Sergei had spent many hours mapping it out in his head, figuring out where they could board, under assumed names, the recently completed Trans-Siberian Railway, and how far they could take it eastward. When it detoured to the south, they would have to disembark and find a way to continue northward. At some point, they would have to find a pilot, with a plane, willing to take them across the Bering Strait. The right price, he had learned, made anything possible, and payment was the one thing he knew would not be an obstacle. Even as he had carried Ana’s limp body through the woods, he had glimpsed the cache of precious jewels sewn into her corset. A bauble or two from that tattered lining and he was confident that he could secure whatever transportation they might need. But instead of outlining
the plan in any detail for her now—there would be many weeks to do that—he simply gestured at the emerald cross around her neck and said, “I have read the inscription on the back.”

Anastasia blushed, as if he’d caught her stepping out of the bath.

“His blessing has protected you so far,” Sergei said. “Why would it end now?”

Chapter 49

The police siren was coming closer, and Charlie just had time to close the doors to his meeting room—where Harley was laid out cold on the couch—before a pair of headlights swept his front windows and he heard tires crunching on the ice and gravel.

Rebekah, still mad as a hen about Harley’s throwing up on the rug, stormed toward the door, but Charlie wheeled into the foyer, cutting her off and ordering her back into the kitchen. “And tell your sister to stay there, too!”

Rebekah said, “What?

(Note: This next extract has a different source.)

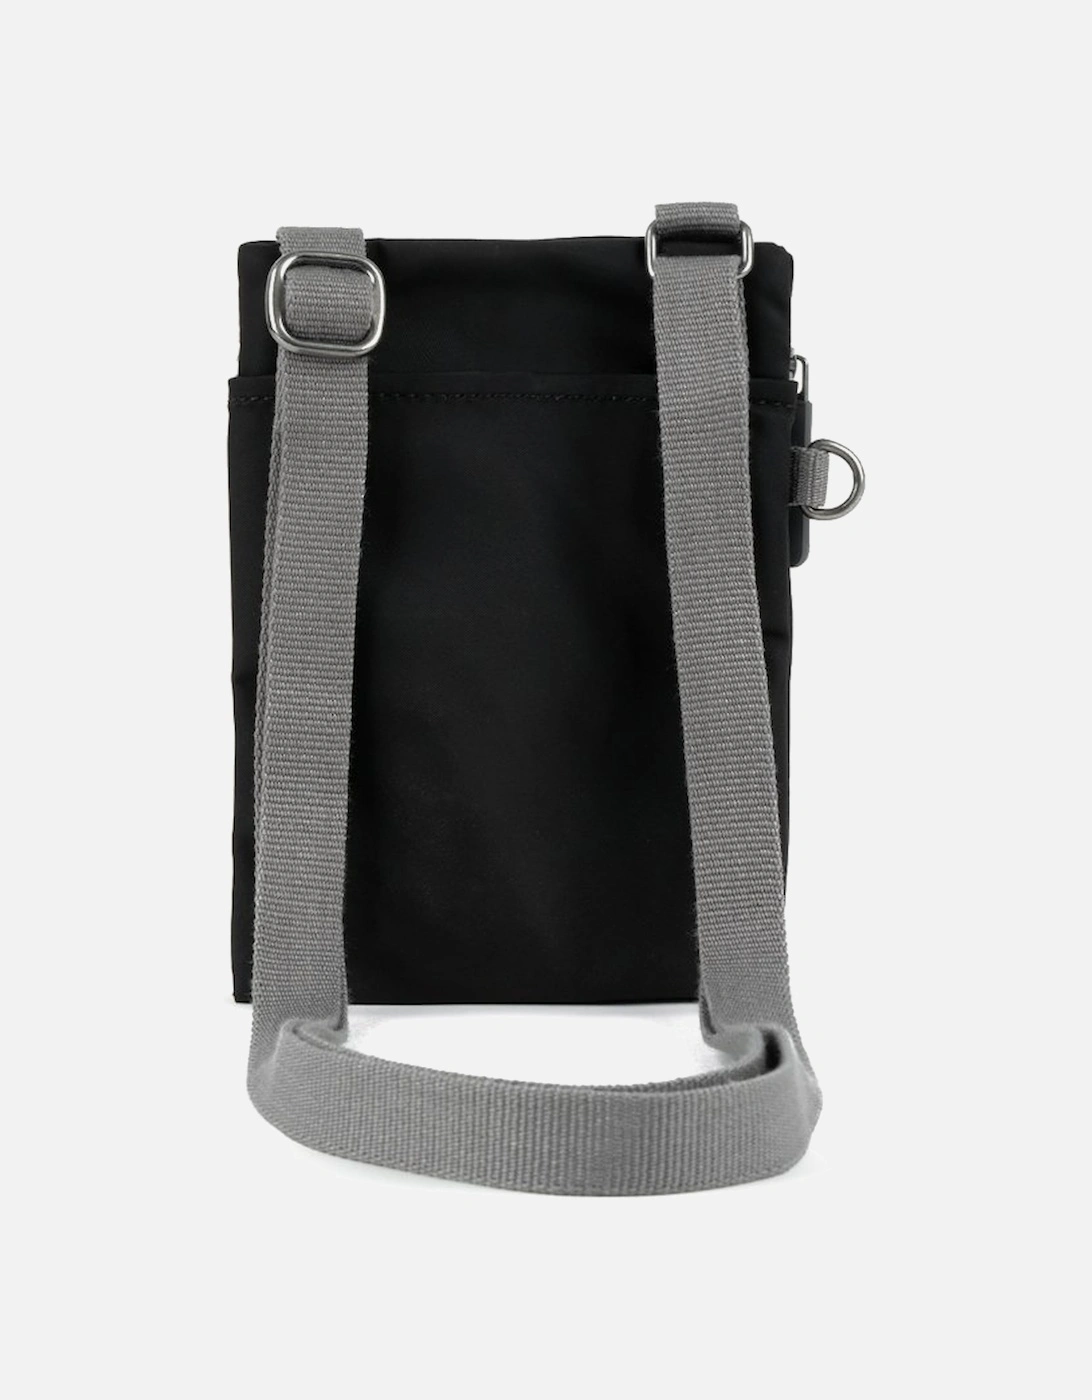 Chelsea Pocket X Bag

I can’t answer my own door now?”

“No, and it’s not your damn door anyway. It’s mine.”

There was the sound of boots stamping off snow on the porch.

“Now scat,” he whispered, “and not a word to anyone about Harley.”

The knocking came a second later—loud and hard—and Charlie heard the sheriff’s voice saying, “Open up, Charlie! It’s Ray Blaine.”

Charlie took his time about undoing the locks, making sure Rebekah was out of sight, before opening the door. The police cruiser was parked in the drive, the crossbar on its roof flashing blue, but more surprising than that was the gauze face mask covering the sheriff’s
mouth and nose, the rubber gloves on his hands, and the fact that he stepped back a few feet.

“Hey, Ray,” Charlie said. “What brings you out on a night like this?”

“You seen Harley?”

“No. Why? Please don’t tell me he’s gotten into some trouble again,” Charlie said, shaking his head like a parent whose child was forever caught pulling pranks.

“How about Eddie Pavlik?”

“Nope, him neither. Say, what’s with the mask? You sick, or is it Halloween already?”

“Don’t you be lying to me, Charlie,” Ray said, craning his neck to get a look inside. “If you see either one of them, you call me, you got that? And if I were you, I wouldn’t let ’em get too close.”

“What the hell are you talking about?” Charlie said, just as the walkie-talkie went off on the sheriff’s belt.

Ray answered the call and, turning a few feet down the porch, said, “Yes, sir, I’m there now.” He listened, then said, “We’re setting up the roadblocks just as fast as we can.”

Roadblocks?

The sheriff shut it off, brushed the snow from his shoulders, and said, “Don’t plan on going anywhere tonight.”

“Are you telling me I’m under arrest?” Charlie said, feigning more indignation than he felt. “What for?”

“I’m telling you the roads are closed.”

And that was all Charlie needed to hear. As soon as the sheriff had climbed back into his patrol car, Charlie did a wheelie and shouted to Rebekah to pack some food and coffee. “And none of that decaf chicory shit! Make it the real stuff we serve on meeting nights.”

Then he threw open the pocket doors and hollered at Harley to wake up. “We’re leaving!”

Harley mumbled something but didn’t move until Charlie poked his arm and repeated himself.

“Man, I was so fast asleep,” Harley said. “Why’re we leaving?”

“Maybe that’s something that
you
can tell
me
, while we drive.”

Although Charlie might now be a man of God, he’d been a man of the world for a whole lot longer than that, and at times like this he reverted to form. He knew that if the law came calling, and they were setting up roadblocks and looking high and low for Harley, it must be serious. Even if it was just about those damned jewels—the emerald cross and that icon with the diamonds in it—it was better to get to Voynovich’s place on the double, fence them for whatever he could get, then hole up in the ice-fishing cabin for a while … or at least until he could figure out just what kind of shit was going down.

Harley was pulling on his wet boots and complaining about some pain in his leg, but Charlie didn’t want to hear it.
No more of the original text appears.